Jeszcze rok temu bym sie z toba niezgodzil, ale po zeszlorocznych "slizgach" na Barumach polarisach I na mokrej szosie (+5 stC) wole ta zime przelatac na letnich Hydragripach niz znowu zalozyc Barumy I. Gdybym mial kase na nowe DOBRE opony zimowe to bym zmienil, ale wole dobre letnie (w miescie) niz kiepsie zimowe.
Natomiast jazda po sniegu na powyzszych barumach byla OK, ale zeszlej zimy jechalem po sniegu moze kilka razy
  
 
Dla jasności sprawy i wyjaśnienia niepewności, zamieszczam artukuł z Motofaktów :
- - - - - - - - - - - - - - - - - - - -


Na zimę inne niż na lato
==================



Już teraz warto zastanowić się nad wyborem ogumienia zimowego, bo przecież u nas nadejście zimy zawsze zaskakuje drogowców.
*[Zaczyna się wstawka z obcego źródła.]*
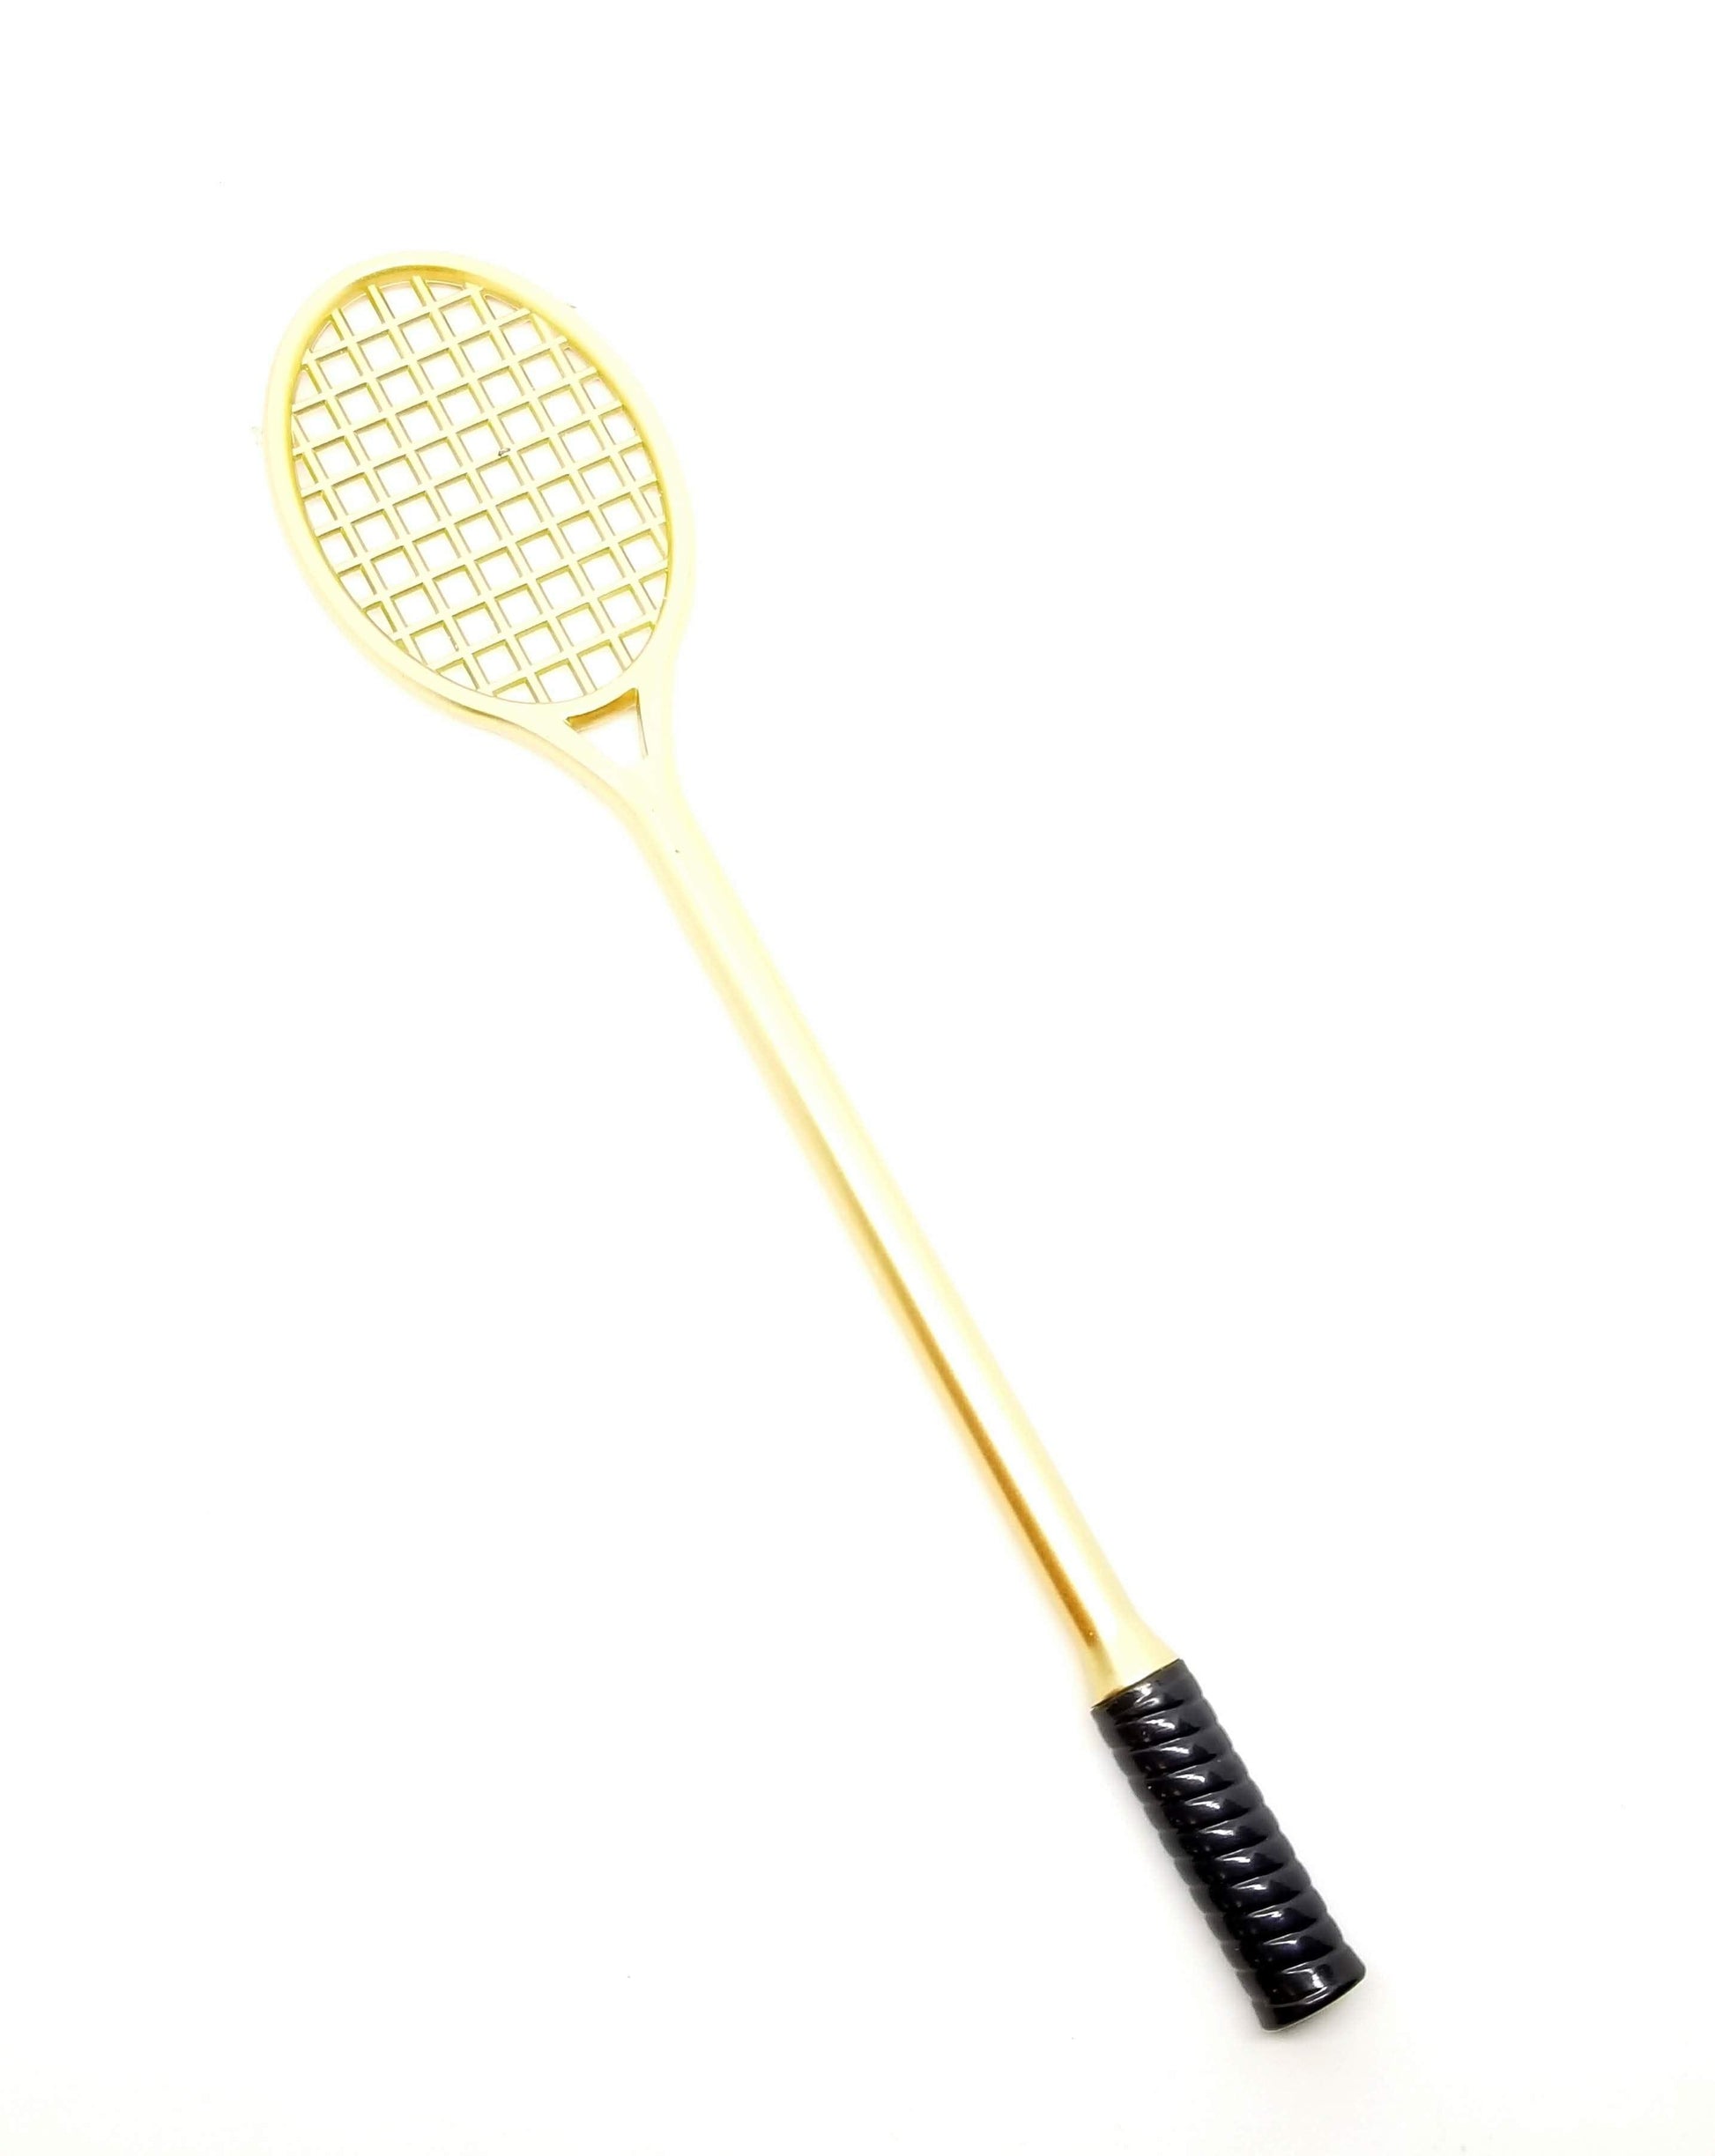 Slime Pressing Tennis Racket Gold Slime tool by Hoshimi Slimes | Hoshimi Slimes LLC

W warunkach zimowych bezpieczeństwo podróżowania i mobilność zapewnią prawidłowo dobrane opony. Przewaga opon zimowych szczególnie uwidacznia się, gdy spadnie temperatura i mieszanka gumowa opon letnich staje się twarda. Wówczas opona letnia ślizga się i nie przenosi momentu napędowego. Na śniegu, ogumienie letnie jest wręcz niebezpieczne, droga hamowania wzrasta około 2 razy w porównaniu z oponą zimową. To są argumenty, które powinien wziąć pod uwagę każdy kierowca. Opony zimowe trzeba założyć, gdy temperatura powietrza spadnie poniżej 7 stopni C.


Właściwości opon zimowych

Już na pierwszy rzut oka opony zimowe różnią się wyglądem od opon letnich. Charakterystyczna rzeźba bieżnika złożona z “klocków” sprawia, że opony te zapewniają wysoką przyczepność na mokrej i śliskiej nawierzchni oraz skutecznie odprowadzają wodę. Za te właściwości odpowiedzialne są szerokie rowki obwodowe oraz rowki poprzeczne transportujące wodę na zewnątrz. Drugą ważną funkcją jest zapewnienie przyczepności na nawierzchniach śliskich i zaśnieżonych. W osiągnięciu tego celu pomagają głębokie poprzeczne nacięcia opony zwane lamelkami umieszczone w klockach. To one “otwierają” się i “wgryzają” w podłoże zapewniając przyczepność podczas ruszania i siłę oporu niezbędną do hamowania pojazdu zarówno na śniegu jak i lodzie. Powodują także przecinanie warstwy wody i skierowanie jej do rowków poprzecznych Ilość lamelek w oponie jest optymalnie dobrana przez producenta i może osiągać 2000. Kształt i sposób działania lamelek jest zróżnicowany: są lamelki z zaczepami umieszczonymi na ich wewnętrznych powierzchniach wzmacniającymi przyczepność, lamelki samoblokujące się typu “Z” zwiększające sztywność opony i lamele typu “Y”, które nawet po znacznym przebiegu zapewniają dobrą trakcję.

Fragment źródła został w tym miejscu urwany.